Exterior grip portions

705 have several general properties but otherwise may be variable as to material, construction, attachment, and shape. The general properties include the even spacing around the perimeter as previously mentioned. Additionally, the general properties are that each handgrip 505 extends beyond the perimeter of disc 510 and has a diameter greater than a nominal thickness of disc 510. In other respects there is great variability as to other properties that may be employed by toy 500.

While handgrip 505 is shown generally as a sphere, it may have virtually any configuration satisfying the other properties described above as to shape. Handgrip 505 may be soft (e.g., squeezable) or hard, may be lightweight with low density and add no appreciable extra weight to disc 510 or it may be relatively heavy and dense to offer a significant percentage to a majority percentage of the total weight of toy 500. Just as there are many different arrangements and constructions for disc 510, specifics of attachment/cofabrication of handgrip 505 are adapted as necessary to ensure that handgrip 505 is secured to the perimeter. One way to help ensure that handgrip 505 is secured to disk 510, in addition to the engagement of the male and female elements, is to use a screw inset 905 with each attachment mechanism. Then a screw 910 secures clip portion 710 within attachment mechanism further inhibiting detachment of handgrip 505 from disk 510. As handgrip 505 is designed to be used to launch and catch toy 500, and handgrip 505 will often make contact with other objects during flight, extra effort to secure handgrip 505 to disc 510 is advantageous and preferred.

In operation, a user may hold handgrip 505 and use it to impart rotation to toy 500 as it is thrown and/or the user may catch rotating toy 500 as it moves through the air by grabbing handgrip 505. Rotating toy 500 helps to co-locate one handgrip 505 into the user's grasp during catching. If the user does not initially catch toy 500 by any particular handgrip 505, the rotation of toy 500 will soon bring another handgrip 505 into the user's hand and allow the user to more easily catch toy 500.

The system and methods above has been described in general terms as an aid to understanding details of preferred embodiments of the present invention. In the description herein, numerous specific details are provided, such as examples of components and/or methods, to provide a thorough understanding of embodiments of the present invention. One skilled in the relevant art will recognize, however, that an embodiment of the invention can be practiced without one or more of the specific details, or with other apparatus, systems, assemblies, methods, components, materials, parts, and/or the like. In other instances, well-known structures, materials, or operations are not specifically shown or described in detail to avoid obscuring aspects of embodiments of the present invention.
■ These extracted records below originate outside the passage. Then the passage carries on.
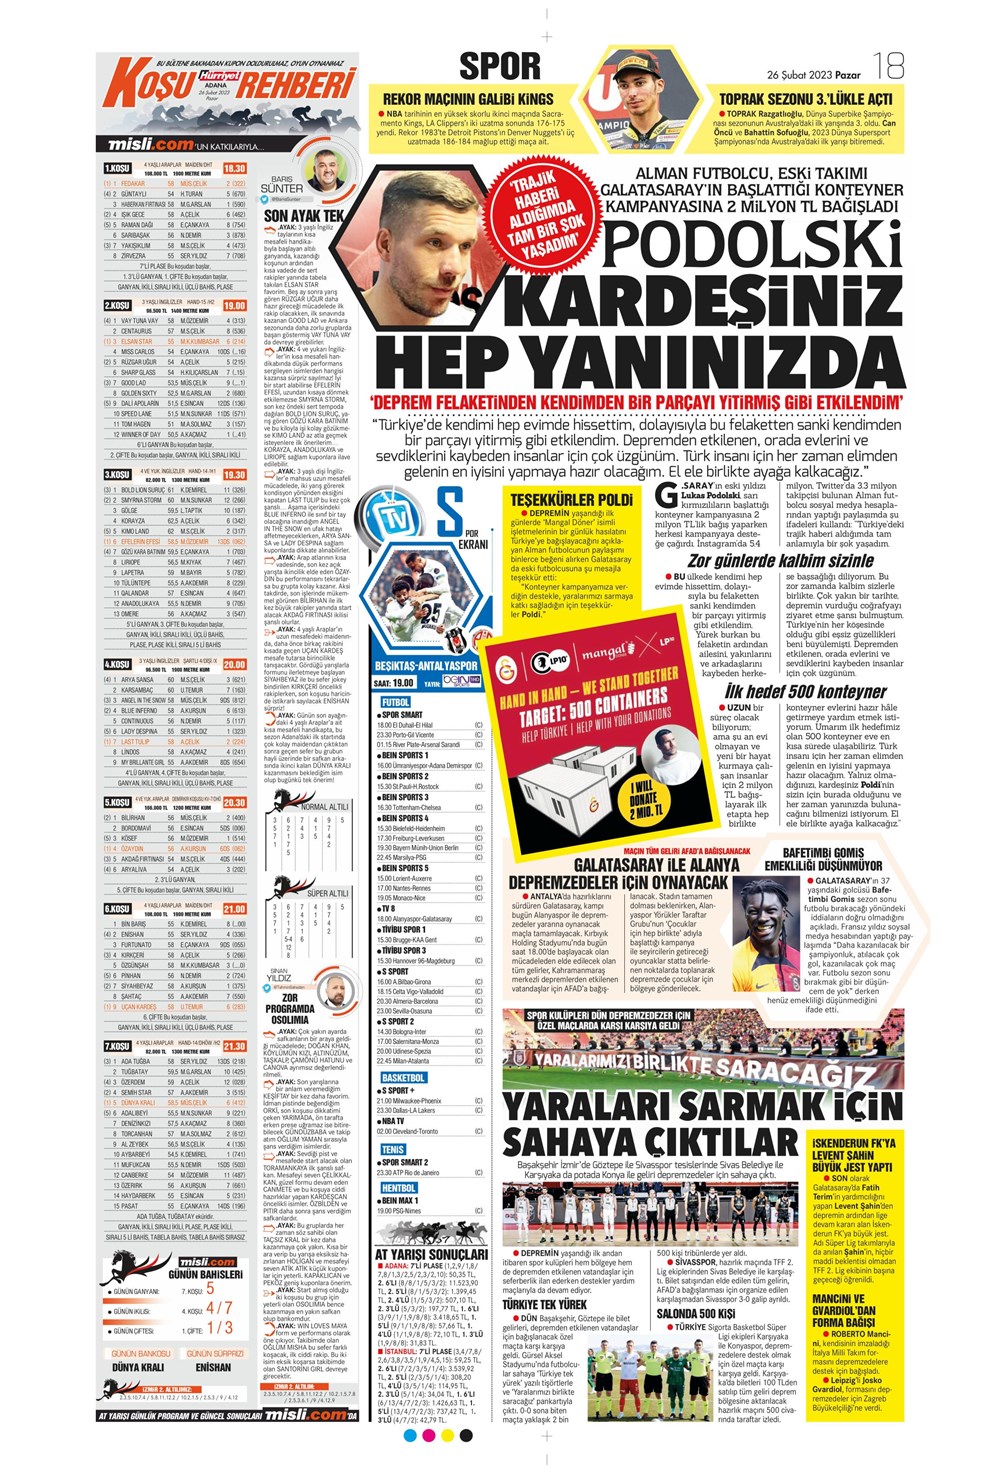 "Valenci'ağa' böyle istedi" - Sporun manşetleri  - 16. Foto
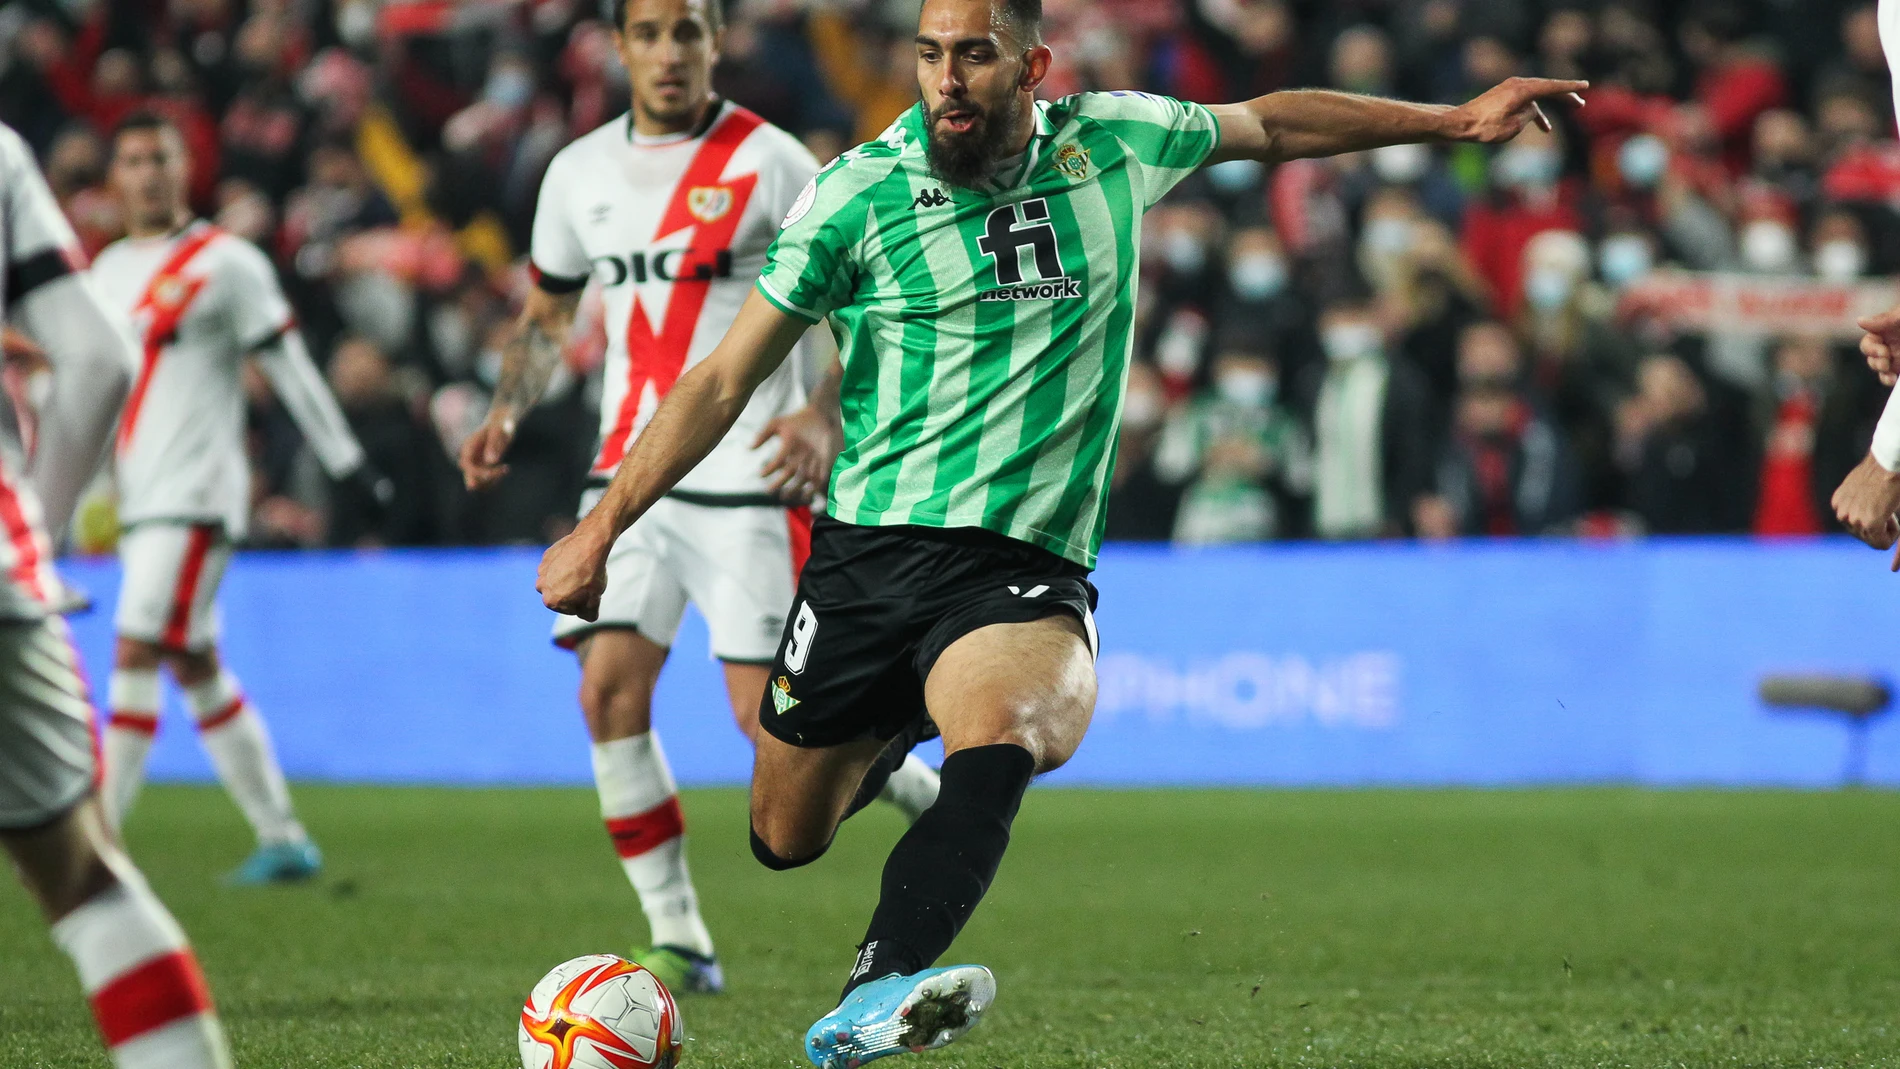 Borja Iglesias remata para marcar el primer gol del Betis
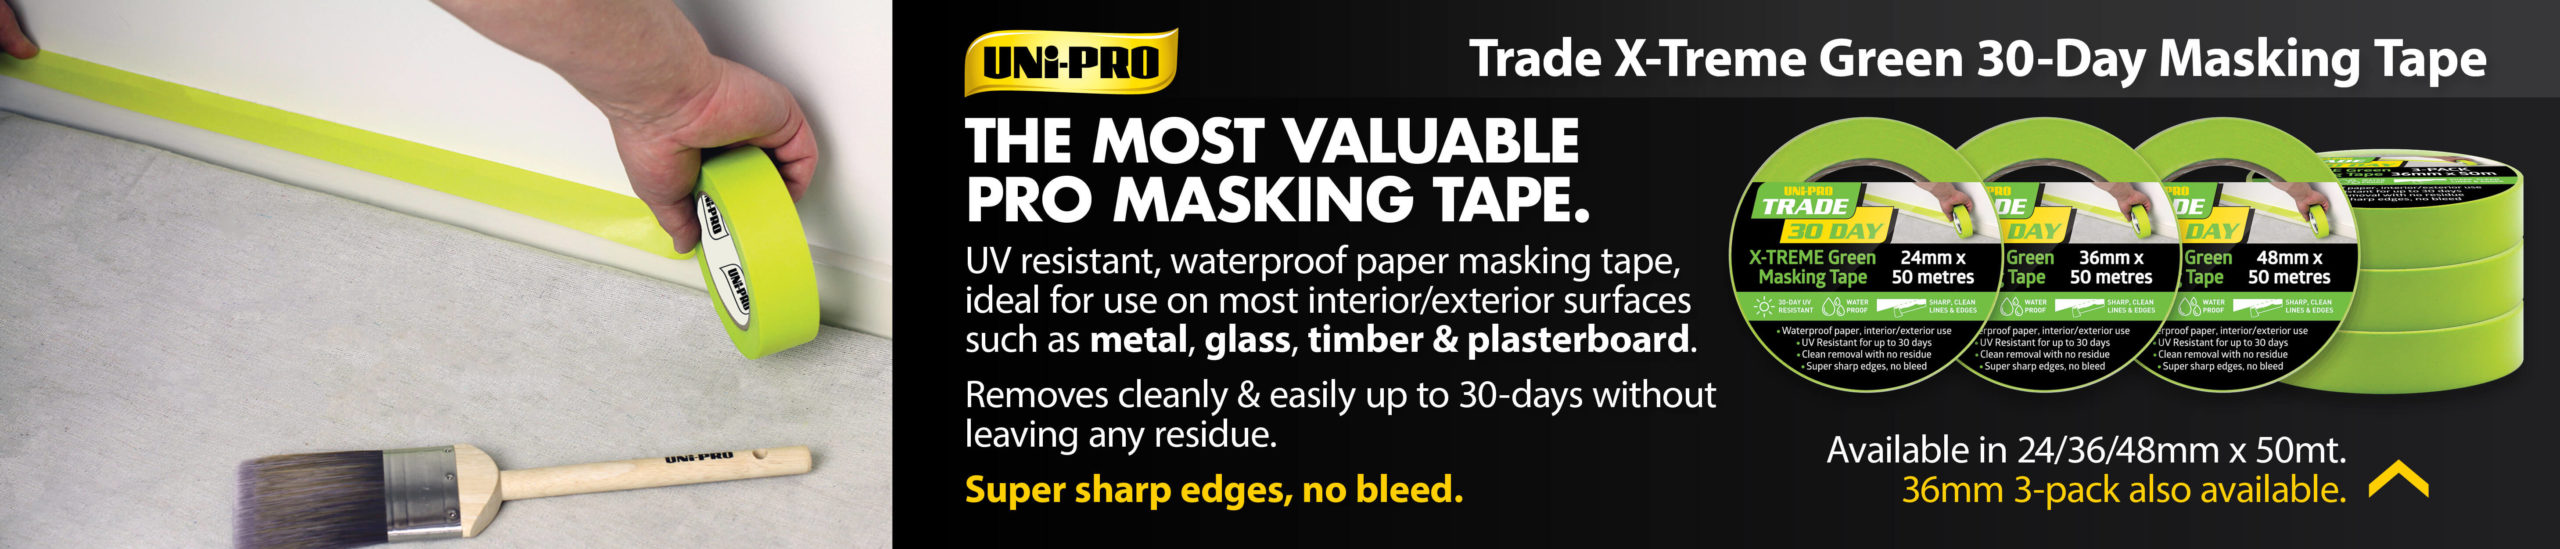 150dpi 2800x600 Slider - X-Treme Masking Tape-compressed
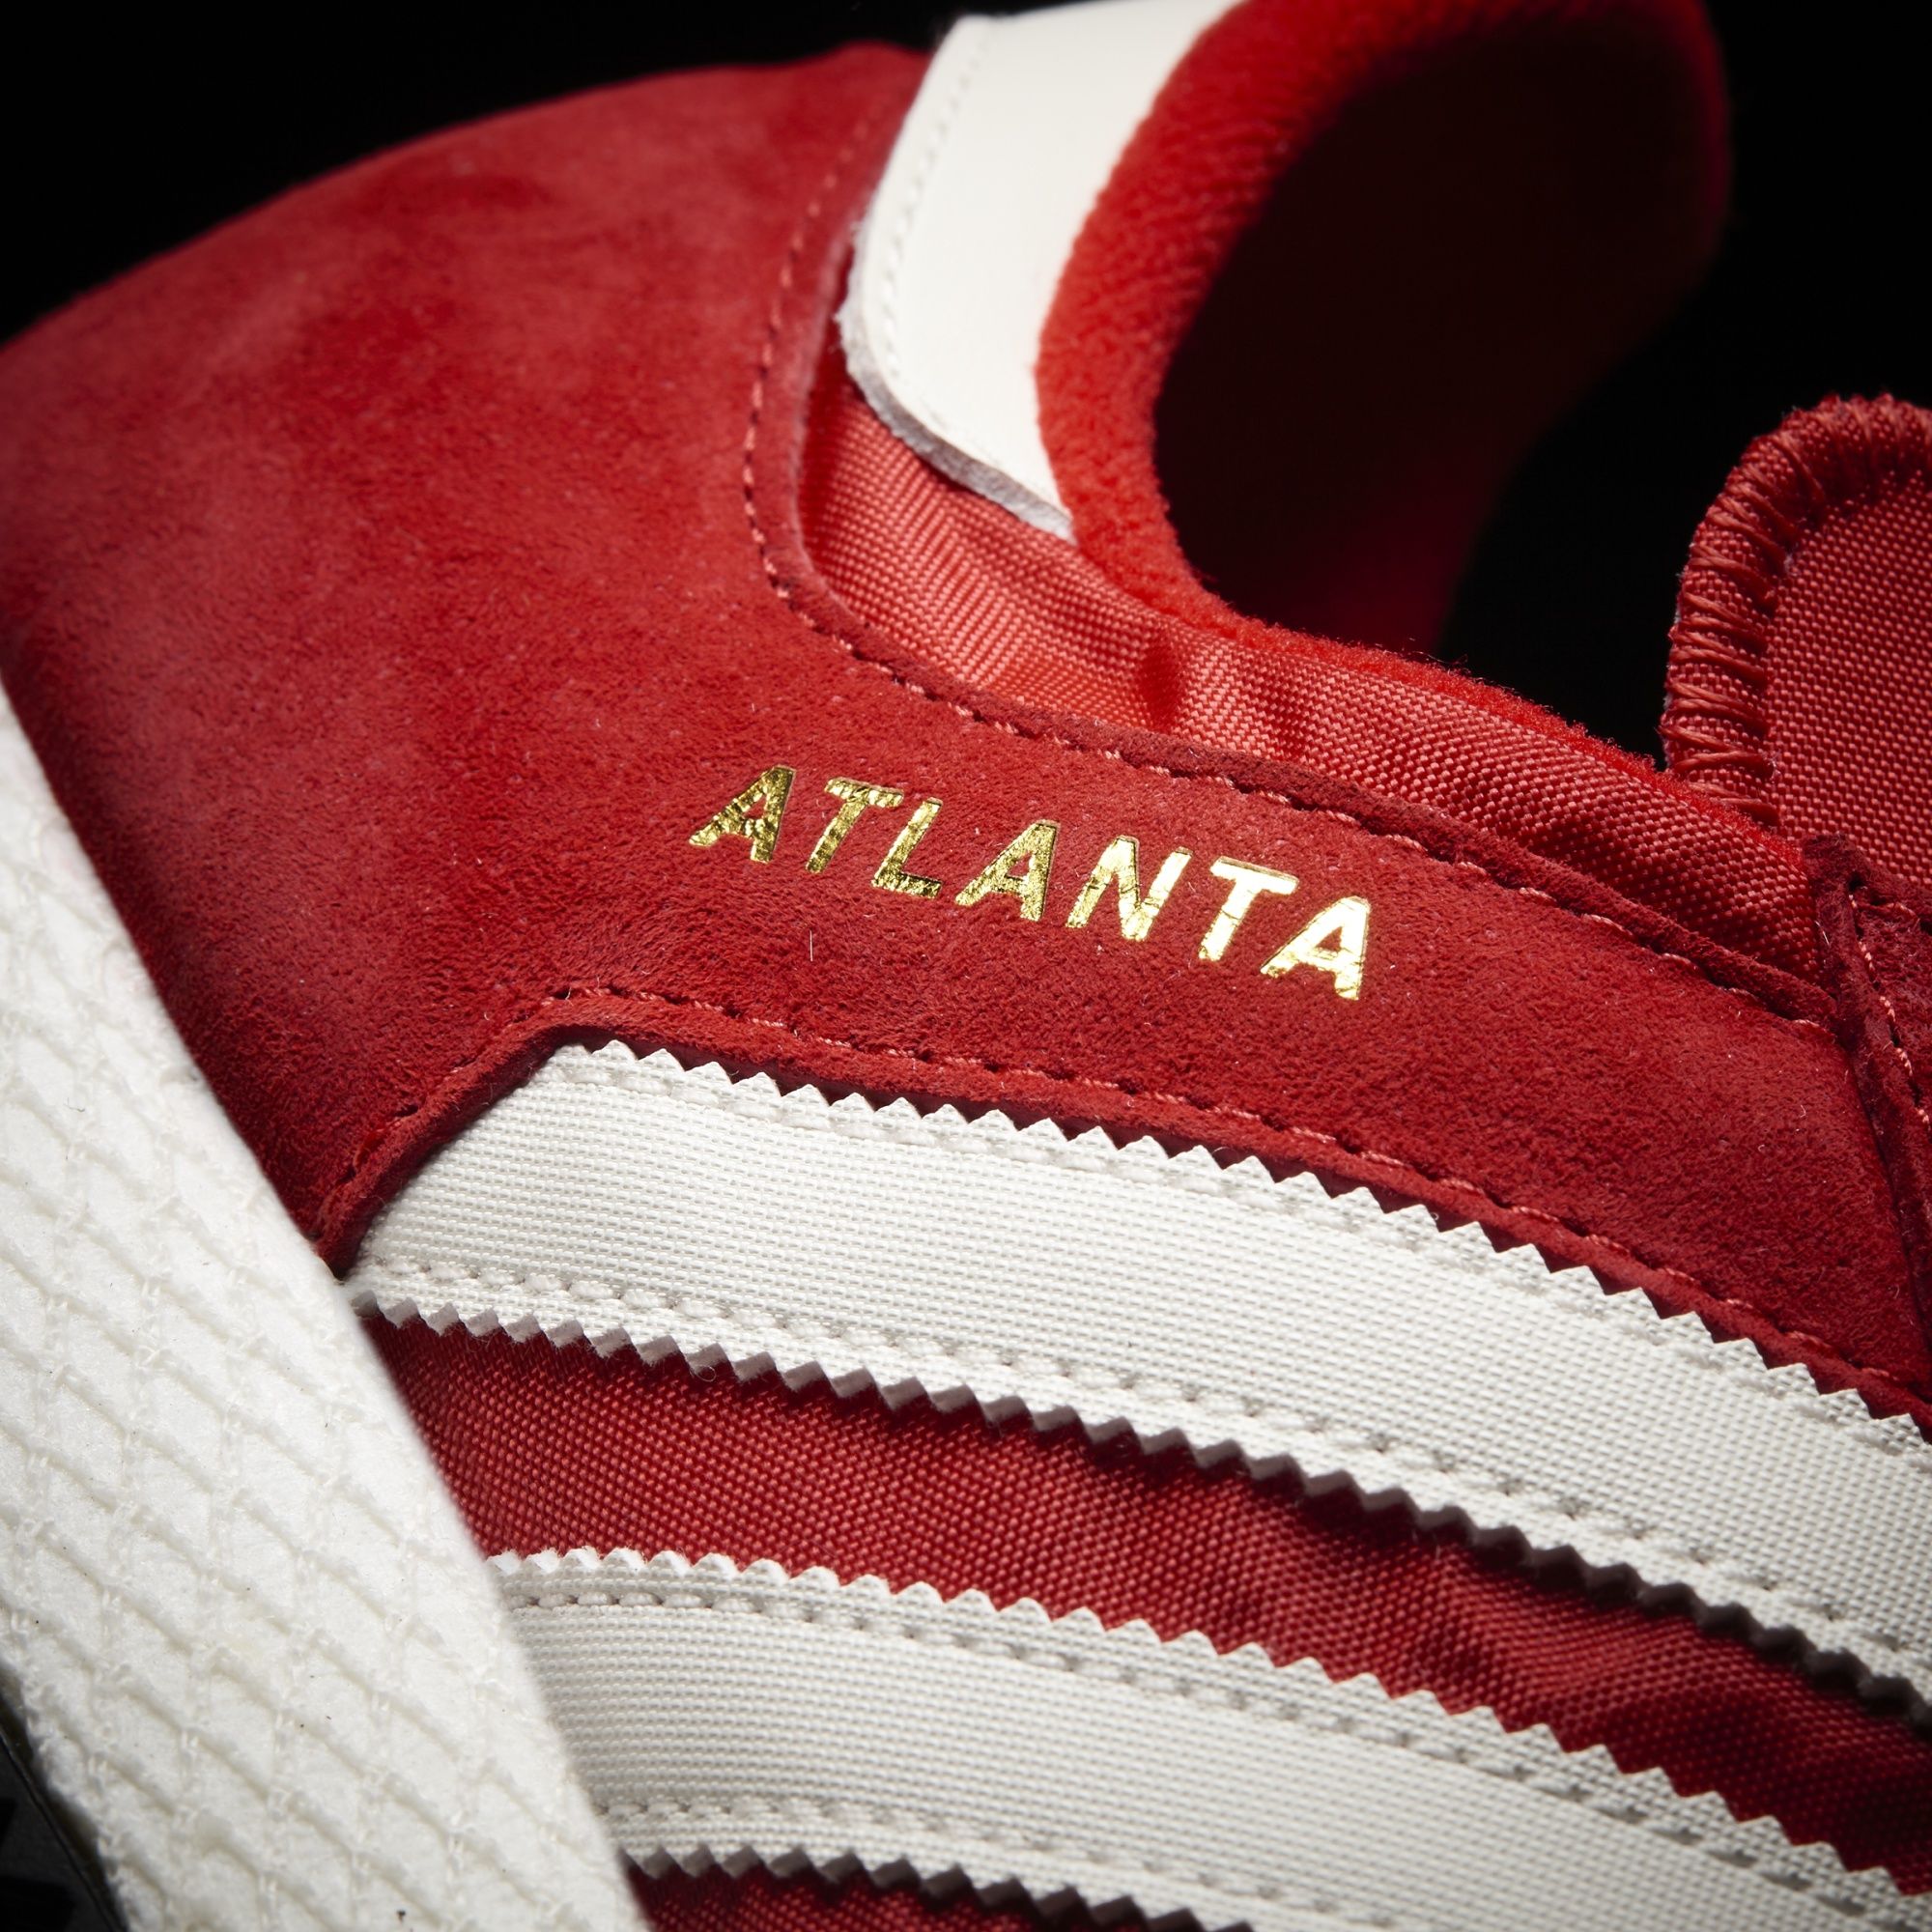 Adidas SPZL Atlanta
Scarlet / White

Reference throughout this specification to “one embodiment”, “an embodiment”, or “a specific embodiment” means that a particular feature, structure, or characteristic described in connection with the embodiment is included in at least one embodiment of the present invention and not necessarily in all embodiments. Thus, respective appearances of the phrases “in one embodiment”, “in an embodiment”, or “in a specific embodiment” in various places throughout this specification are not necessarily referring to the same embodiment. Furthermore, the particular features, structures, or characteristics of any specific embodiment of the present invention may be combined in any suitable manner with one or more other embodiments. It is to be understood that other variations and modifications of the embodiments of the present invention described and illustrated herein are possible in light of the teachings herein and are to be considered as part of the spirit and scope of the present invention.

It will also be appreciated that one or more of the elements depicted in the drawings/figures can also be implemented in a more separated or integrated manner, or even removed or rendered as inoperable in certain cases, as is useful in accordance with a particular application.

Additionally, any signal arrows in the drawings/Figures should be considered only as exemplary, and not limiting, unless otherwise specifically noted. Furthermore, the term “or” as used herein is generally intended to mean “and/or” unless otherwise indicated. Combinations of components or steps will also be considered as being noted, where terminology is foreseen as rendering the ability to separate or combine is unclear.

As used in the description herein and throughout the claims that follow, “a”, “an”, and “the” includes plural references unless the context clearly dictates otherwise. Also, as used in the description herein and throughout the claims that follow, the meaning of “in” includes “in” and “on” unless the context clearly dictates otherwise.

The foregoing description of illustrated embodiments of the present invention, including what is described in the Abstract, is not intended to be exhaustive or to limit the invention to the precise forms disclosed herein. While specific embodiments of, and examples for, the invention are described herein for illustrative purposes only, various equivalent modifications are possible within the spirit and scope of the present invention, as those skilled in the relevant art will recognize and appreciate. As indicated, these modifications may be made to the present invention in light of the foregoing description of illustrated embodiments of the present invention and are to be included within the spirit and scope of the present invention.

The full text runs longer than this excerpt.